39 The net result of that procedure was that Mr Dicker did take the court to those documents. To my mind, Mr Dicker succeeded in that regard only in persuading the court that insofar as the confidentiality regime the subject of the orders made last week should now be otherwise varied, the otherwise variation should not permit any access to Ms D'Arcy to:
(a) any part of the documents marked for identification A(4)(i)-A(4)(x) as includes any reference to percentages or figures;
(b) insofar as the document marked for identification A(4)(i) is concerned, no such access should be granted to clause 11.1.
(c) Insofar as the document marked for identification A(4)(iii) is concerned, no such access should be granted to clause 14.1 of that document.
40 Subject to the orders outlined below, the defendants nominated counsel who give appropriate undertakings will have access to the parts of the documents to which Ms D'Arcy will not be permitted access.
41 The court declines to take:
(1) the further step of examining any other of the particular documents the subject of the claim for confidentiality; and
(2) the further step of permitting the masked sections of Mr D'Emilio's longer affidavit to be read.
42 I earlier referred to the defendants' submissions that for reasons made explicit in the defendants' written submissions, the court should hold that no confidentiality regime at all should be imposed for the reason that the subject funding arrangements would disclose agreements contrary to public policy or which were illegal for various reasons.

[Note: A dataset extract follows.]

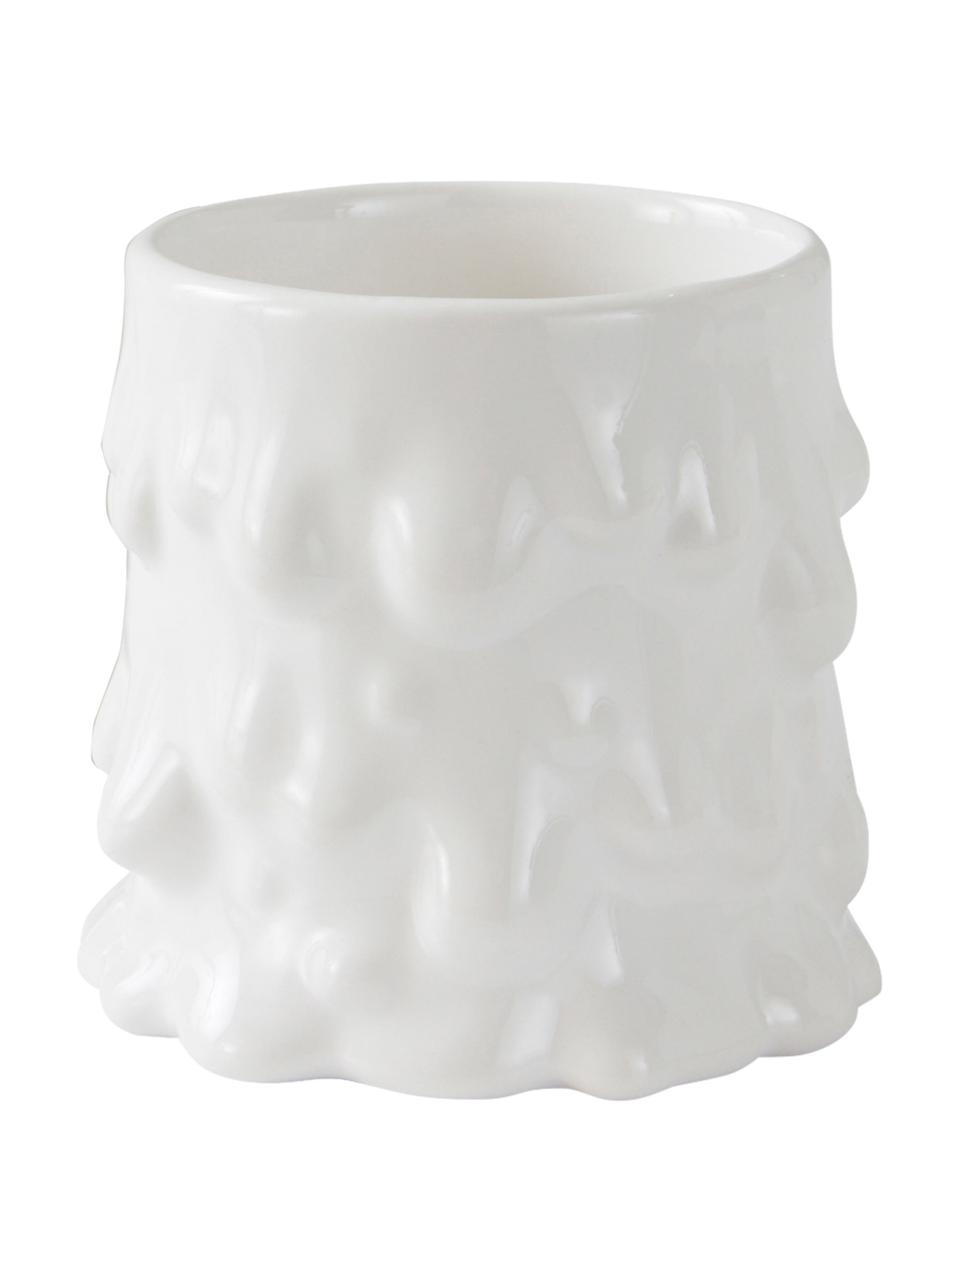 Hrnček v organickom tvare Lumi, 2 ks, Dolomitový porcelán, Biela, Ø 9 x V 8 cm, 230 ml

43 During the course of the argument today, the court made plain that a tentative view which was announced to both counsel may be the appropriate regime. The defendants indicated that for pragmatic reasons, but wishing to reserve the question of the claimed illegality to be tested on some future occasion by appropriate application, the defendants were content that the regime which the court had tentatively outlined should be imposed, subject to some minor matters. On that basis only, it is therefore now inappropriate and unnecessary for the court to deal with the so-called illegality arguments.
44 To my mind, the court should now vary the confidentiality regime the subject of orders made last week by an "otherwise order". The appropriate regime justified by the now evidence adduced by the plaintiffs is to make the documents available to nominated legal representatives confined to counsel or solicitors of the defendants; namely to Mr Gleeson SC, Dr Bell, Mr Healy, Mr Lovell and Ms Yelland, as well as to Ms D'Arcy who is an officer and employee of NAB, being a Corporate Counsel and solicitor of the Supreme Court of Victoria. In the case of the counsel and solicitors to whom I have referred, each of those persons will be obliged to undertake to the court that:
(1) until further or other orders, such persons will not use the documents or the information disclosed in the documents otherwise than for the purposes of the security for costs applications.